Merge with http://kernel.org/pub/scm/linux/kernel/git/torvalds/linux-2.6.git

[linux-2.6] / mm / page_alloc.c
diff --git a/mm/page_alloc.c b/mm/page_alloc.c

index 1731236dec352ffd9dc3e21e11cc9ce27bd9bde2..fe14a8c87fc27d8822faeaff71cf990f6f9a95ef 100644 (file)
--- a/mm/page_alloc.c
+++ b/mm/page_alloc.c
@@ -773,9 +773,12 @@ again:
  }
  
  #define ALLOC_NO_WATERMARKS    0x01 /* don't check watermarks at all */
-#define ALLOC_HARDER           0x02 /* try to alloc harder */
-#define ALLOC_HIGH             0x04 /* __GFP_HIGH set */
-#define ALLOC_CPUSET           0x08 /* check for correct cpuset */
+#define ALLOC_WMARK_MIN                0x02 /* use pages_min watermark */
+#define ALLOC_WMARK_LOW                0x04 /* use pages_low watermark */
+#define ALLOC_WMARK_HIGH       0x08 /* use pages_high watermark */
+#define ALLOC_HARDER           0x10 /* try to alloc harder */
+#define ALLOC_HIGH             0x20 /* __GFP_HIGH set */
+#define ALLOC_CPUSET           0x40 /* check for correct cpuset */
  
  /*
   * Return 1 if free pages are above 'mark'. This takes into account the order
@@ -830,7 +833,14 @@ get_page_from_freelist(gfp_t gfp_mask, unsigned int order,
                         continue;
  
                 if (!(alloc_flags & ALLOC_NO_WATERMARKS)) {
-                       if (!zone_watermark_ok(*z, order, (*z)->pages_low,
+                       unsigned long mark;
+                       if (alloc_flags & ALLOC_WMARK_MIN)
+                               mark = (*z)->pages_min;
+                       else if (alloc_flags & ALLOC_WMARK_LOW)
+                               mark = (*z)->pages_low;
+                       else
+                               mark = (*z)->pages_high;
+                       if (!zone_watermark_ok(*z, order, mark,
                                     classzone_idx, alloc_flags))
                                 continue;
                 }
@@ -871,7 +881,7 @@ restart:
         }
  
         page = get_page_from_freelist(gfp_mask|__GFP_HARDWALL, order,
-                               zonelist, ALLOC_CPUSET);
+                               zonelist, ALLOC_WMARK_LOW|ALLOC_CPUSET);
         if (page)
                 goto got_pg;
  
@@ -888,7 +898,7 @@ restart:
          * cannot run direct reclaim, or if the caller has realtime scheduling
          * policy.
          */
-       alloc_flags = 0;
+       alloc_flags = ALLOC_WMARK_MIN;
         if ((unlikely(rt_task(p)) && !in_interrupt()) || !wait)

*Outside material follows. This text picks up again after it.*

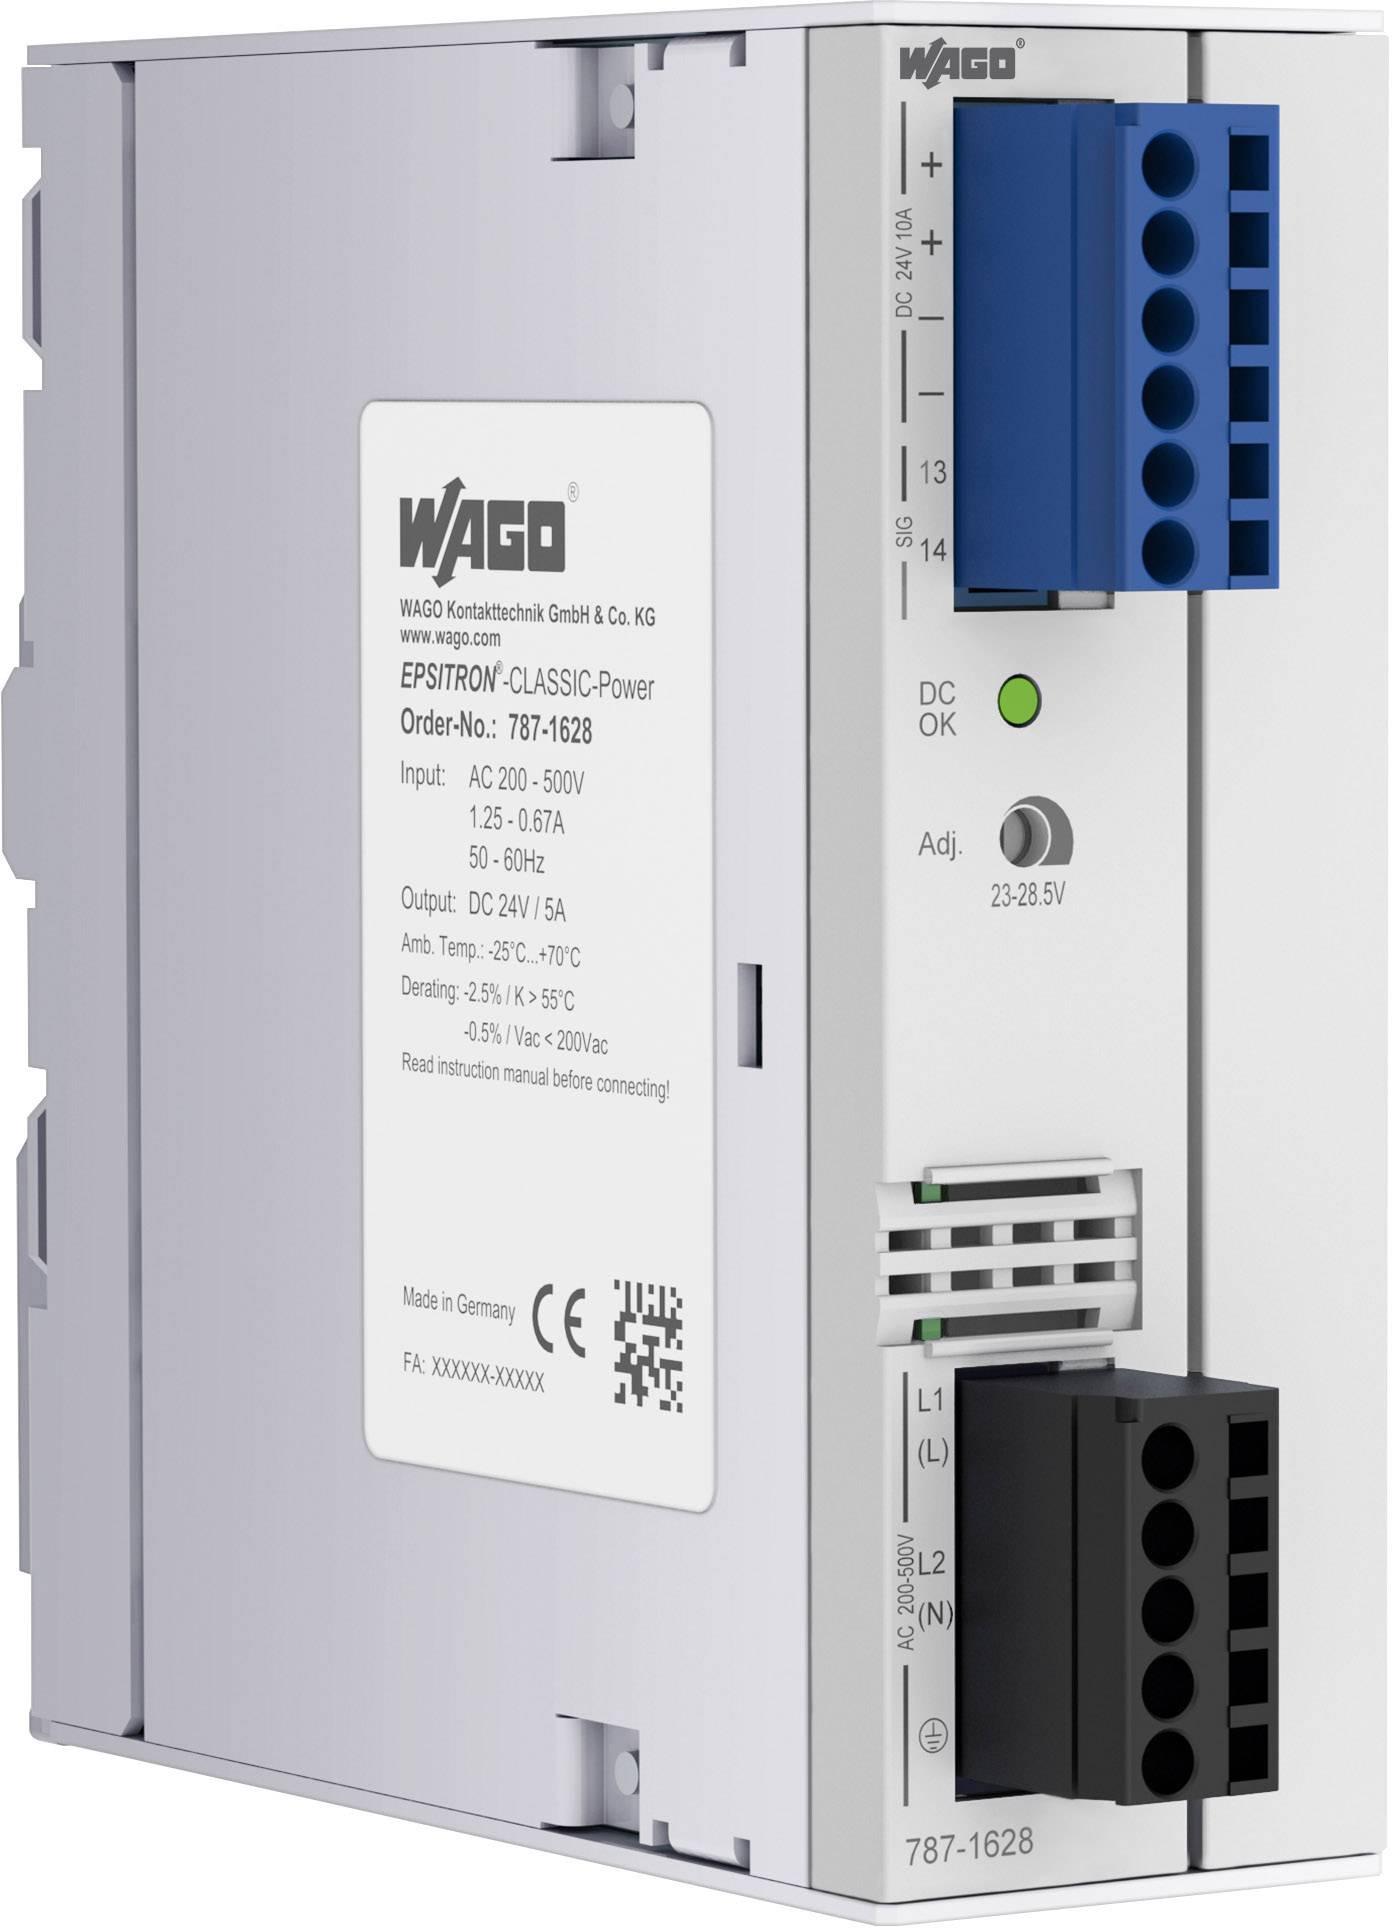 Sieťový zdroj na montážnu lištu (DIN lištu) WAGO 787-1628, 1 x, 24 V, 5 A, 120 W

                 alloc_flags |= ALLOC_HARDER;
         if (gfp_mask & __GFP_HIGH)
@@ -959,7 +969,7 @@ rebalance:
                  * under heavy pressure.
                  */
                 page = get_page_from_freelist(gfp_mask|__GFP_HARDWALL, order,
-                                               zonelist, ALLOC_CPUSET);
+                               zonelist, ALLOC_WMARK_HIGH|ALLOC_CPUSET);
                 if (page)
                         goto got_pg;
  
@@ -1762,16 +1772,16 @@ static int __devinit zone_batchsize(struct zone *zone)
                 batch = 1;
  
         /*
-        * We will be trying to allcoate bigger chunks of contiguous
-        * memory of the order of fls(batch).  This should result in
-        * better cache coloring.
+        * Clamp the batch to a 2^n - 1 value. Having a power
+        * of 2 value was found to be more likely to have
+        * suboptimal cache aliasing properties in some cases.
          *
-        * A sanity check also to ensure that batch is still in limits.
+        * For example if 2 tasks are alternately allocating
+        * batches of pages, one task can end up with a lot
+        * of pages of one half of the possible page colors
+        * and the other with pages of the other colors.
          */
-       batch = (1 << fls(batch + batch/2));
-
-       if (fls(batch) >= (PAGE_SHIFT + MAX_ORDER - 2))
-               batch = PAGE_SHIFT + ((MAX_ORDER - 1 - PAGE_SHIFT)/2);
+       batch = (1 << (fls(batch + batch/2)-1)) - 1;
  
         return batch;
  }
@@ -1886,7 +1896,7 @@ static int __devinit pageset_cpuup_callback(struct notifier_block *nfb,
  static struct notifier_block pageset_notifier =
         { &pageset_cpuup_callback, NULL, 0 };
  
-void __init setup_per_cpu_pageset()
+void __init setup_per_cpu_pageset(void)
  {
         int err;